USB 2.0 Bus Issues: I have read that the aging USB 2.0 bus is becoming a bottleneck as far as UDMA cards and reader performance is concerned. As my testing with the Lexar UDMA reader clearly shows. it definitely made a speed difference, even on a USB 2.0 bus. Both Lexar and Sandisk sell some rather pricey Firewire 800 readers for those users who want the ultimate performance. These readers can cost in excess of $100 to purchase. The next hurdle is how many users even have a Firewire 800 port on their computer? This means adding an expensive PCI-E Firewire 800 card to your desktop. Don't bother with IDE Firewire 800 cards, the ancient parallel ATA bus is also a bottleneck any more. If you own a laptop you are probably out of luck, unless you can locate a Firewire 800 PC express card to fit your laptop. Firewire 400 which is available on many existing PC's and laptops, is said to have a slight speed advantage over USB 2.0, due to its reduced command and control overhead. I would not recommend spending a premium on a Firewire 400 reader over a USB 2.0 reader, there just is not that much speed improvement in my experience. Firewire 800 yes, but Apple Computer owns the Firewire 1394a/b standard and charges other manufacturers a hefty royalty fee to implement the standard. This has all but limited it use to video cameras and a few external hard drives.

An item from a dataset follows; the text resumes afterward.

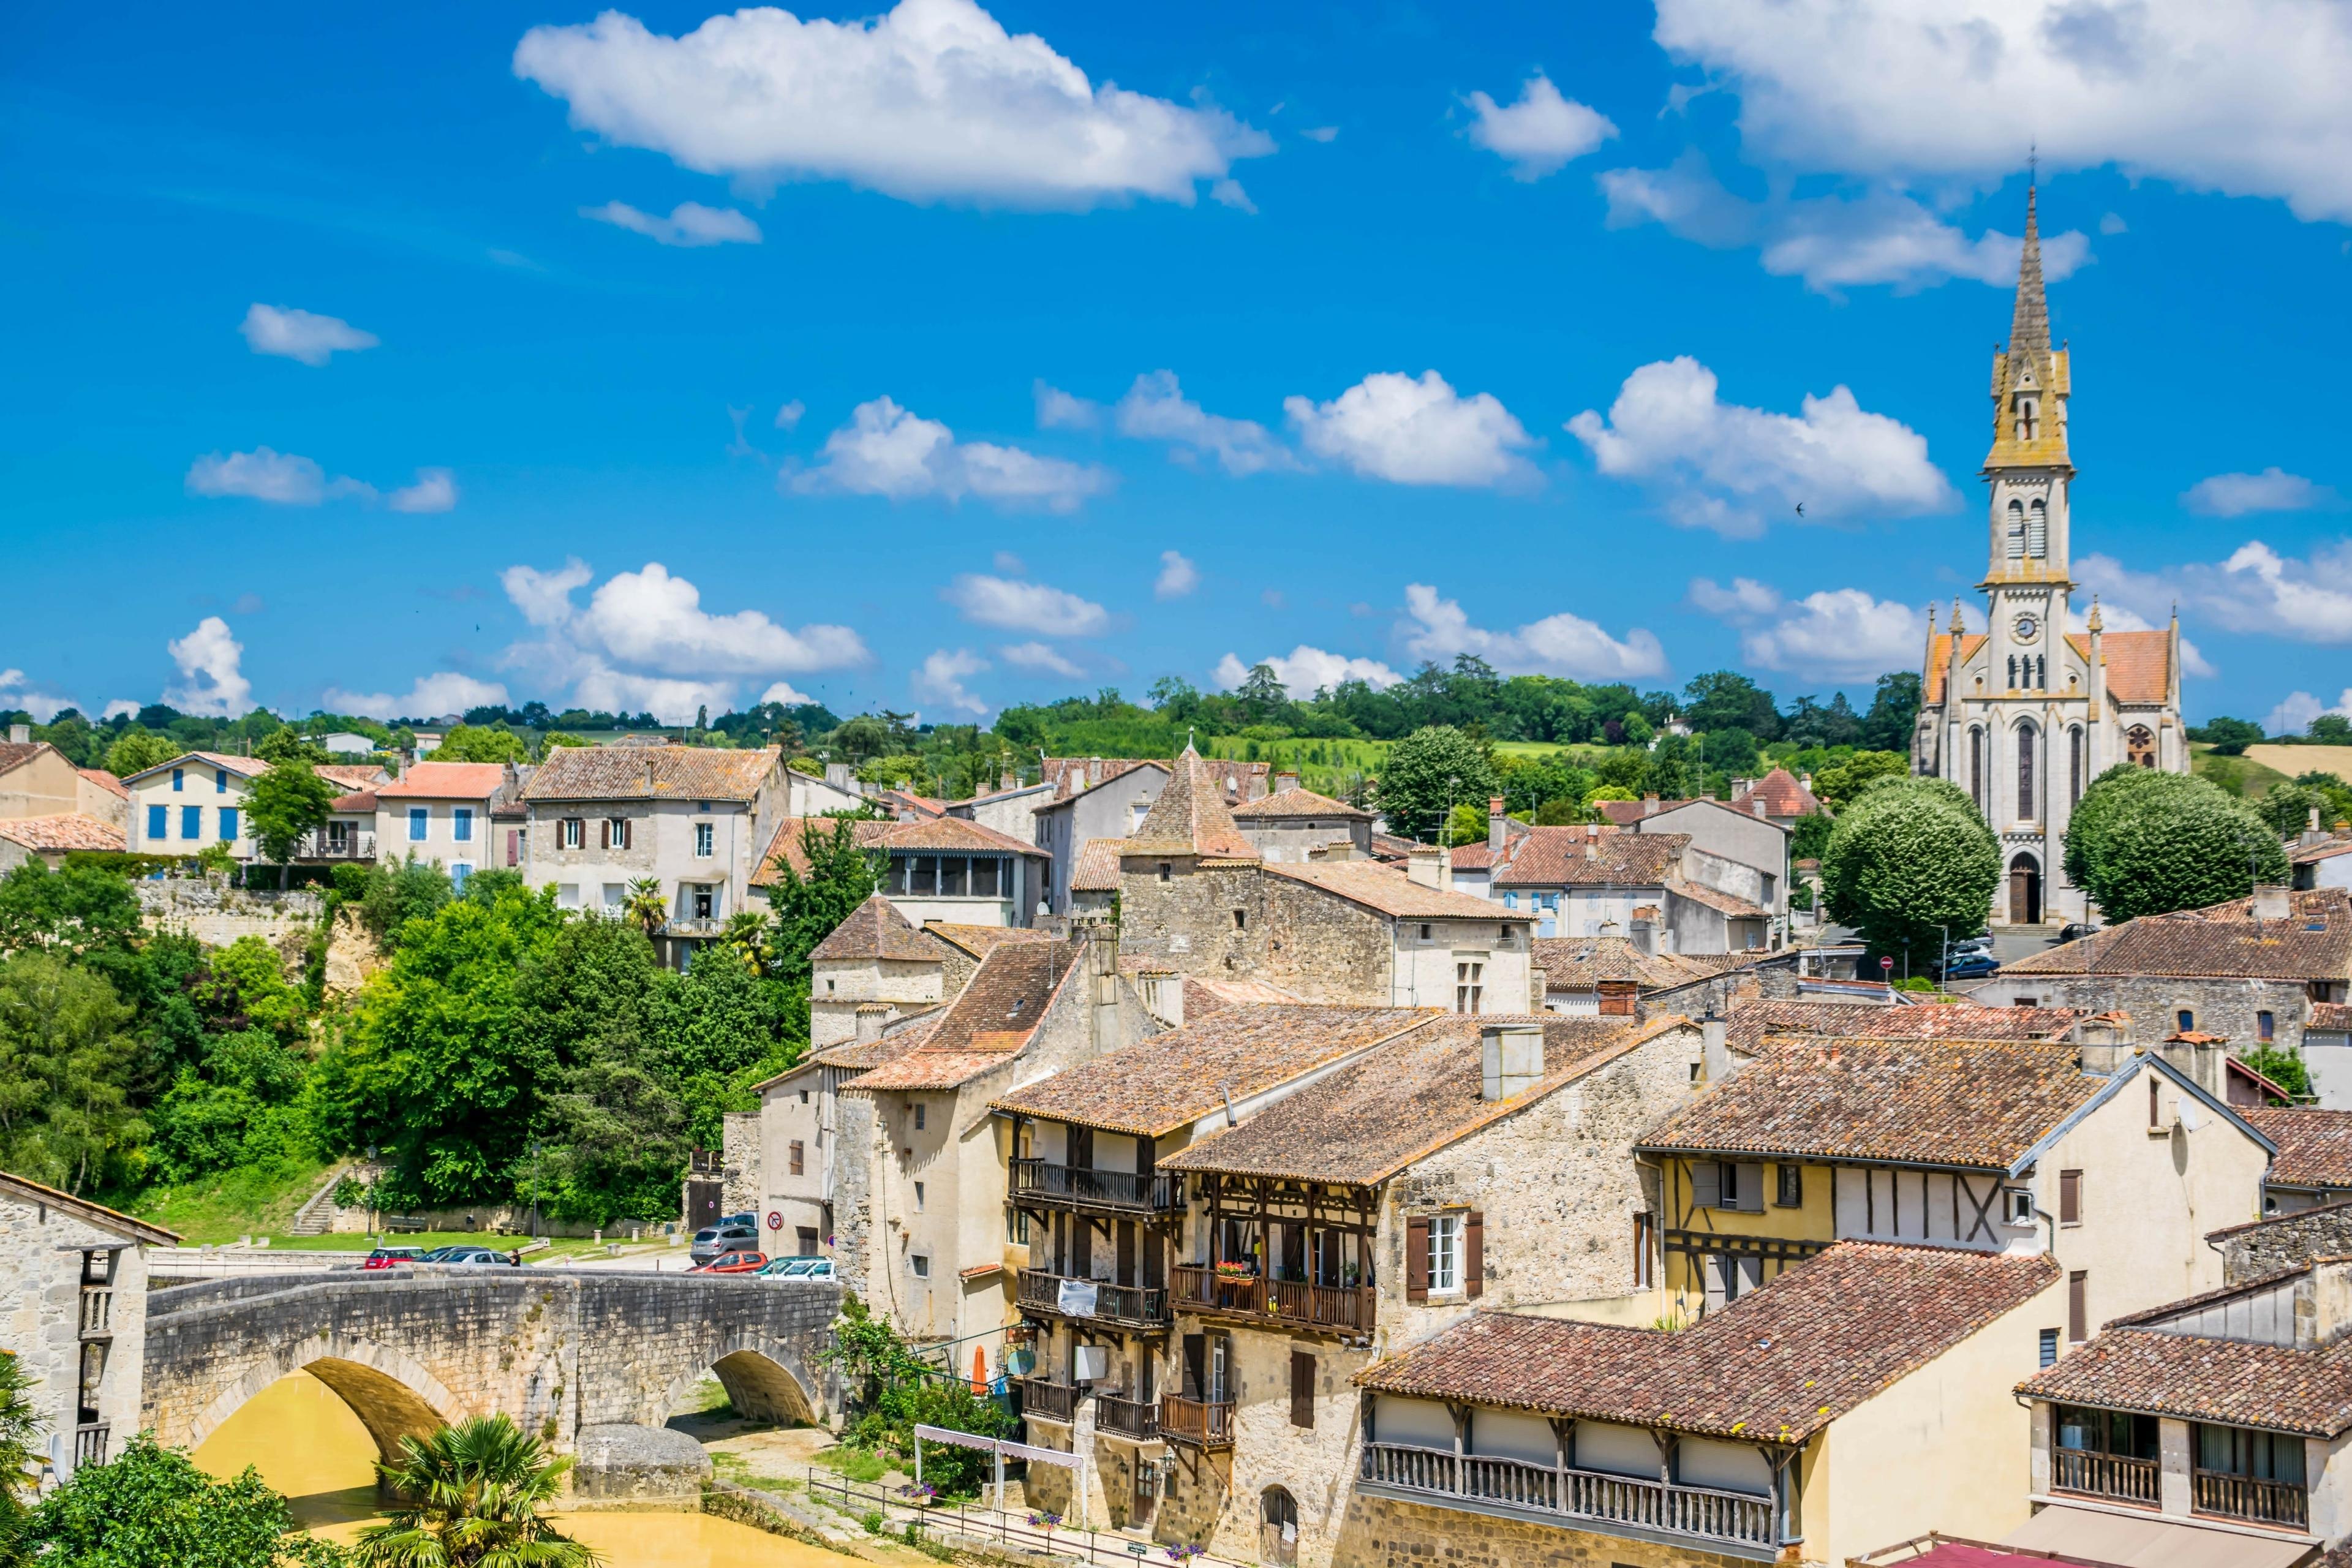 Agen, Lot-et-Garonne, France

eSATA may be a near future solution to this USB 2.0 bus bandwidth issue on the PC. SATA-II interfaces are rated at up to 3.0 Gbits per second transfer rates in burst mode. If you have a spare SATA header on your motherboard, its an easy task to add an eSATA back plate. The back plate fits into any open expansion slot and has a short SATA cable that attaches to any open SATA connector on your motherboard. The problem is nobody manufactures an eSATA reader yet. I did find a couple of internal readers that were meant to convert a CF card into a pseudo solid state hard drive. These units had both PATA and SATA interfaces on them, but none that I found, supported UDMA transfer modes. There were many complaints from end-user reviewers about how slow these units were. Many failed to even compete with conventional 4200 RPM 2.5" laptop drives. These adapters seemed to be aimed mostly at the netbook, or embedded industrial market where speed is not a big issue.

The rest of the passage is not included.